# Brief
What are the lines, word for word, from the line with "Płytka stopnicowa 29,7x59,7" up to and including the line with "Public Domain Clip" in the records below? Omit the pictures.

# Supplied records
* * *
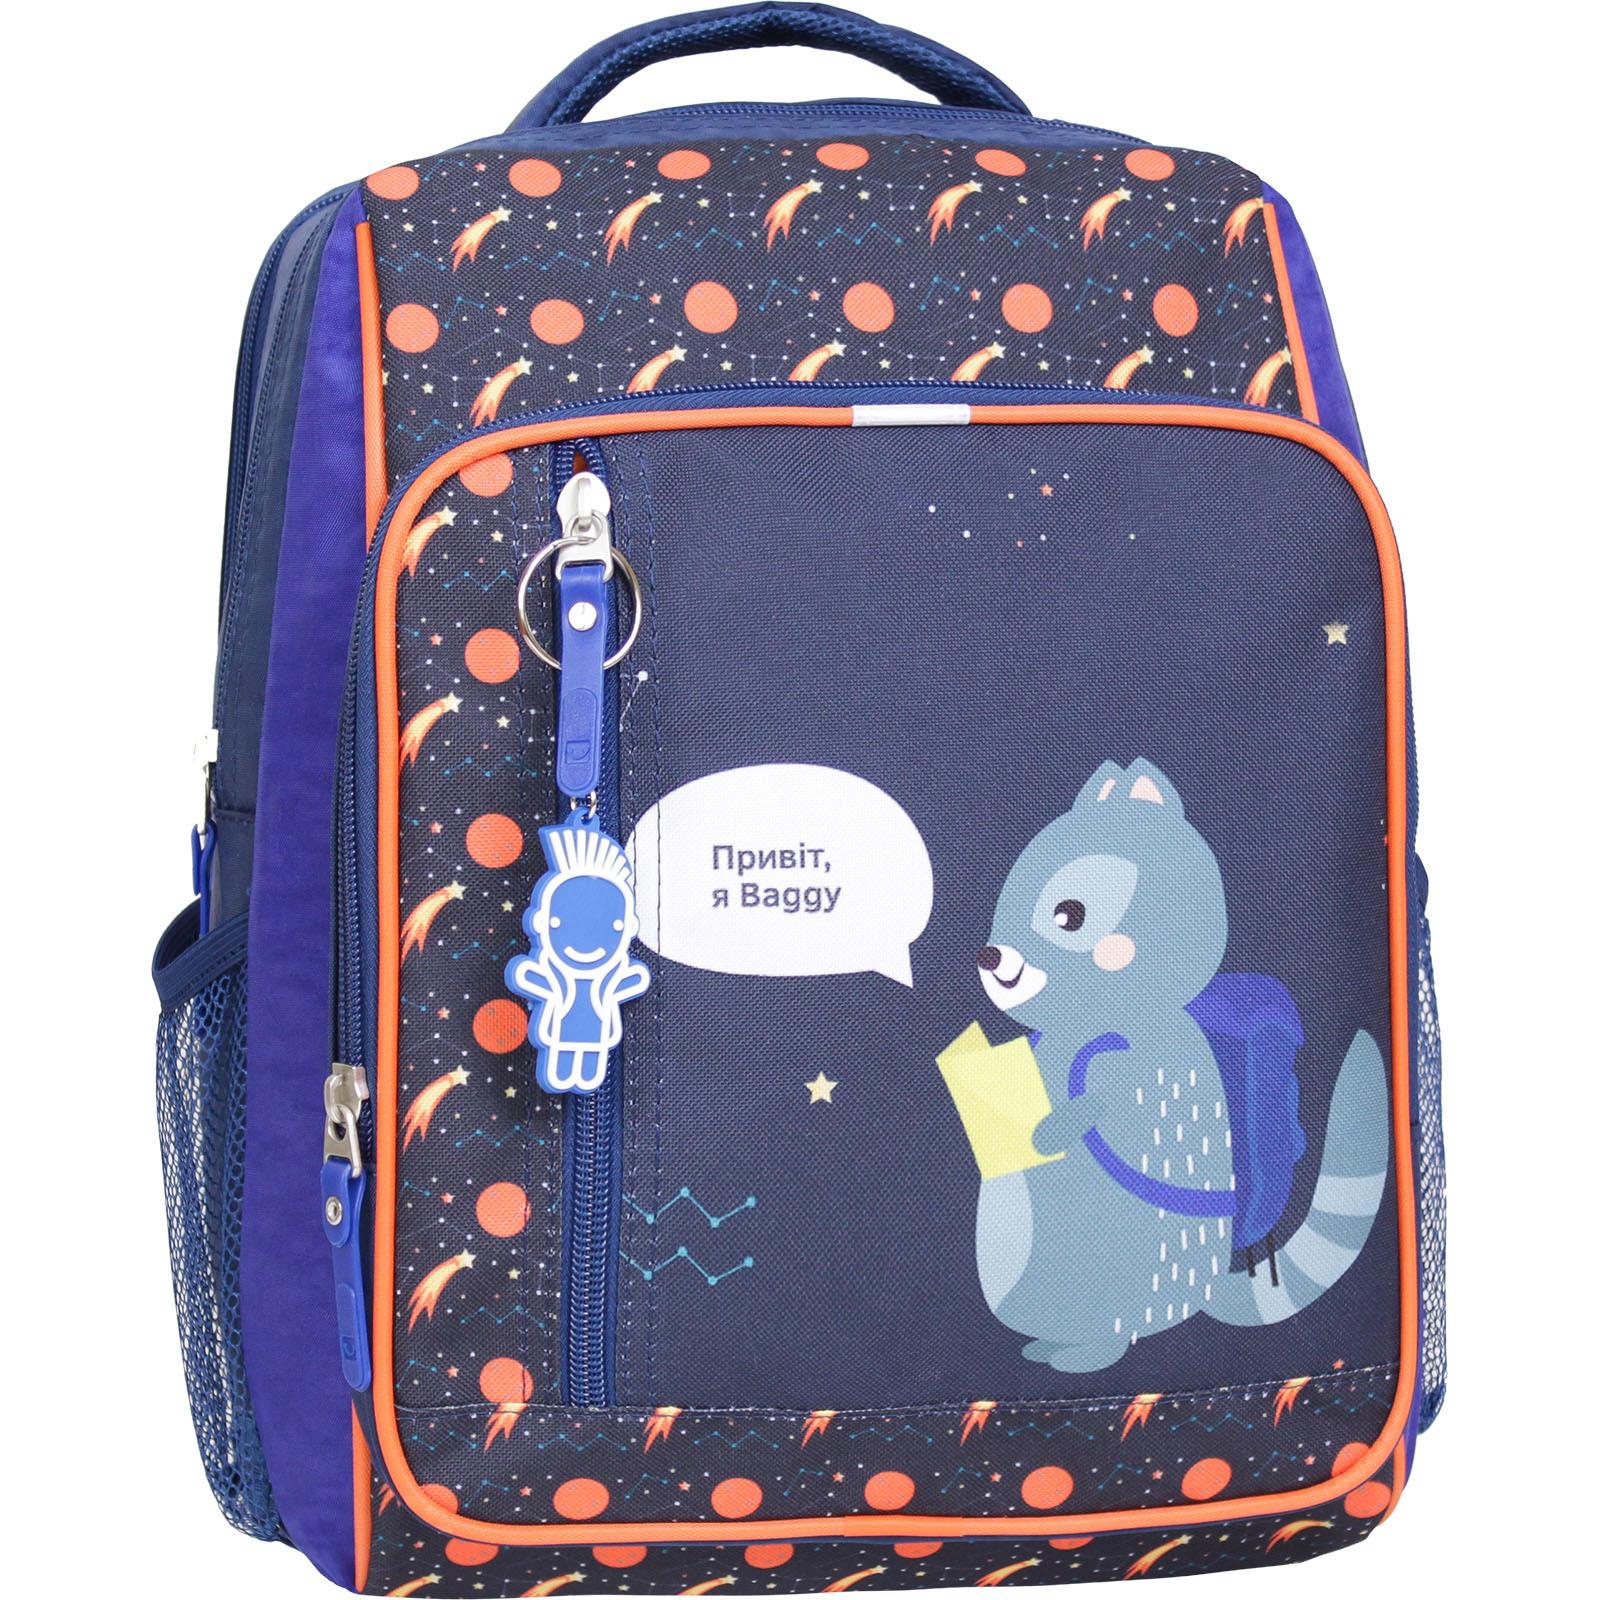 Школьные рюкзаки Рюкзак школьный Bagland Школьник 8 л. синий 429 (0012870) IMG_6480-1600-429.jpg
* * *
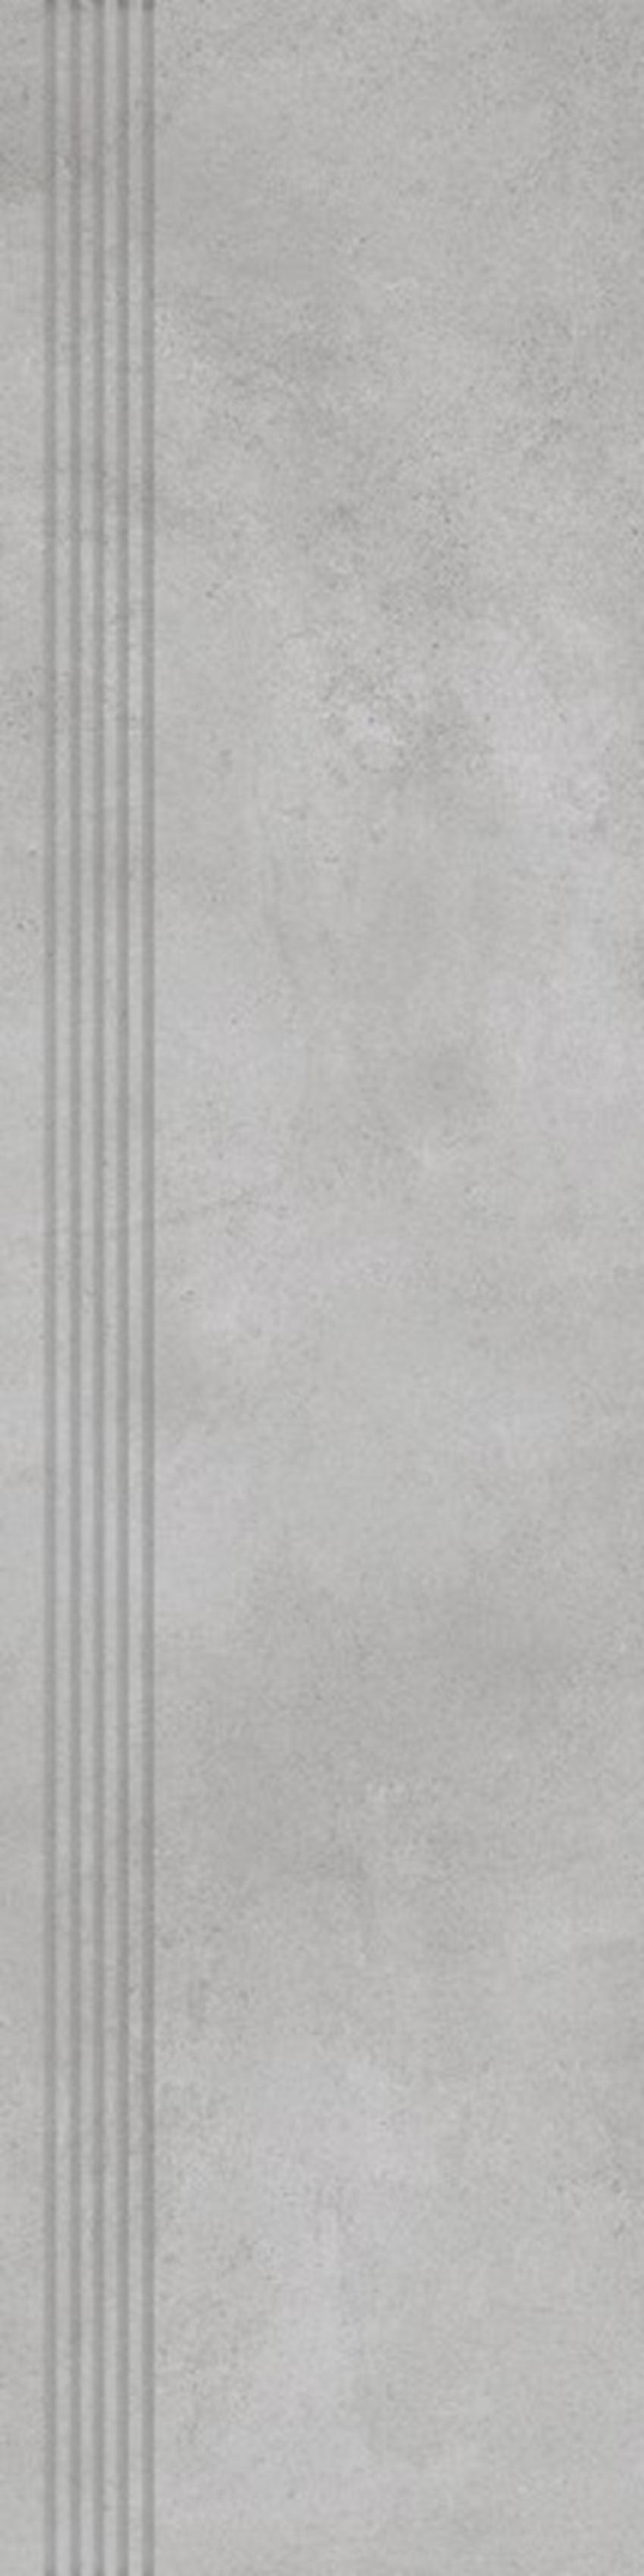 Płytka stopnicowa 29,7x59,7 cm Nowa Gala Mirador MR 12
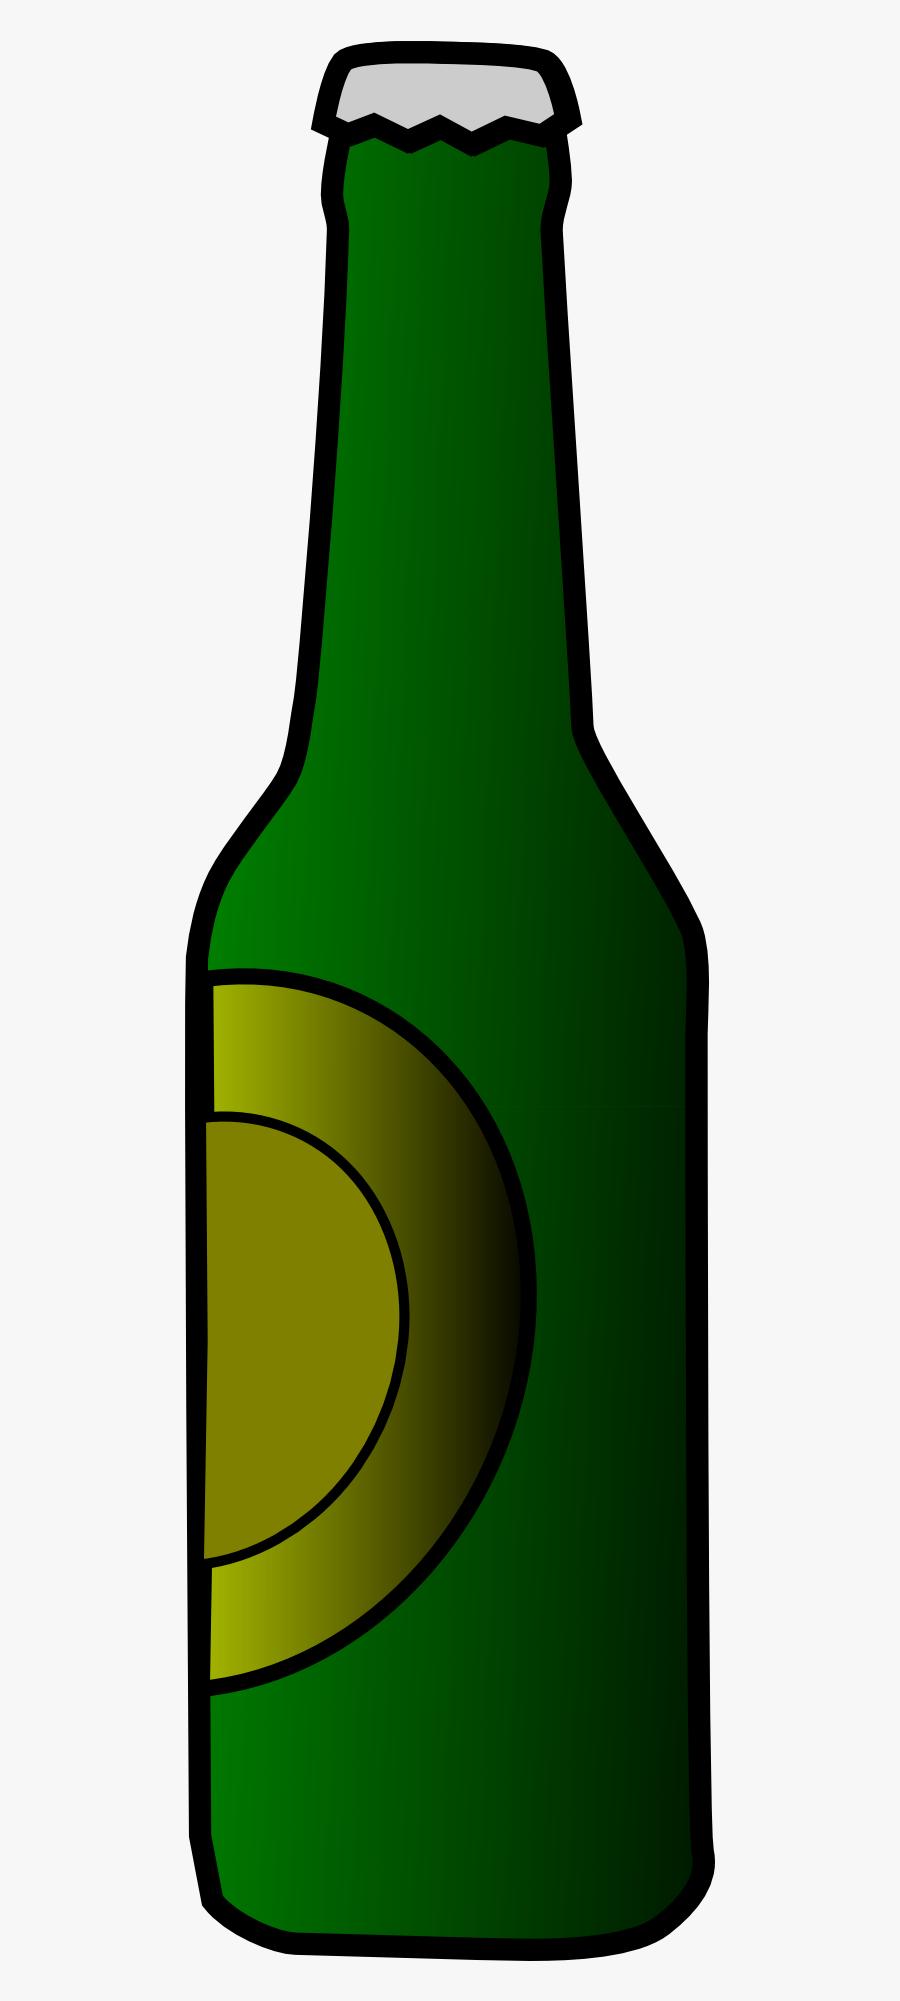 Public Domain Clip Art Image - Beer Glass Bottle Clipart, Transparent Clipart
* * *
# Exercise solution
 Płytka stopnicowa 29,7x59,7 cm Nowa Gala Mirador MR 12
 Public Domain Clip Art Image - Beer Glass Bottle Clipart, Transparent Clipart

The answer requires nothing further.